Note: Something is really wrong with me. Almost everyone of Seth Godin's posts lately have irritated the heck out of me. I have a theory why and may start an ENTIRE BLOG about the reason why.

In the meantime, I will now start rebutting each of his posts for my own amusement.


Seth Godin wrote lately...

"It's common wisdom that government regulation is bad for business, and especially bad is regulation that requires change.

I don't get it."

Sorry, Seth, I do.

Here's the deal.

Politicians seldom create laws which are based upon "common good". They create laws and policies (and the fines, fees, tariffs and taxes which always accompany laws) based upon their supporters wants and needs.

I am sure that once in a while, a politician has sponsored a bill which truly was about "good". I just can't think of one right now!

The problem is that politicians today sponsor bills which are based upon input from their supporters and lobbyists.
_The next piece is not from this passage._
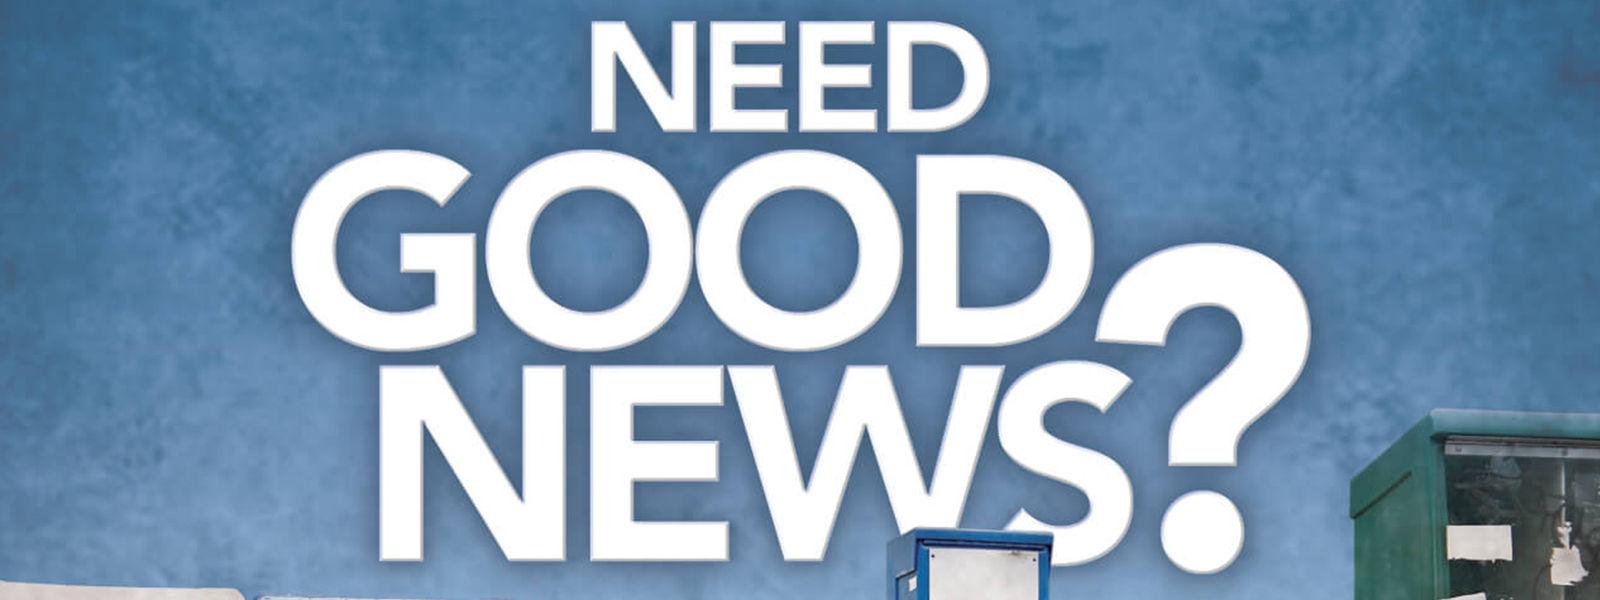 Need Good News?

So when a representative wants to increase emission standards for automobiles it is no surprise you find out that the Sierra Club or Greenpeace is one of the politician's larger supporters.

Or when a legislator wants to tighten up bankruptcy laws, you find his supporters include Chase and Citibank.


Because politicians are human and thus are susceptible to human emotions, wants and needs including fame, bribery and coercion.

Therefore, many of us are skeptical about the true motivations for most regulations and know full well behind every blustering politician is any number of focused special interest groups attempting to push their agenda on businesses whether it is truly "needed" or not.

The solution?

The market.

Case in point -
Drivers want fuel efficient cars, for instance, the market demand proves it. Fuel efficient cars have better emission standards than many other makes and models.

No legislation was needed only demand by the market place. Only the increase in fuel prices brought about by growing worldwide demand.

Legislation often impairs rather than facilitates business' ability to meet market demand by imposing standards and requirements which have little to do with the original problem.

Further, by the time legislators get around to dealing with a problem, crafting the language of a bill, appeasing their supporters and lobbyists, watering down the original intent through trade outs with other legislators and actually voting on the bill, the result is far from the actual solution needed for the problem and only serves to dishearten supporters and detractors.

Why did they bother in the first place? (Other than trying to look busy!).

Regulation has run a muck in American politics. Let the market decide before letting legislators muck things up further, Seth.

And that is why business gets it and you still don't.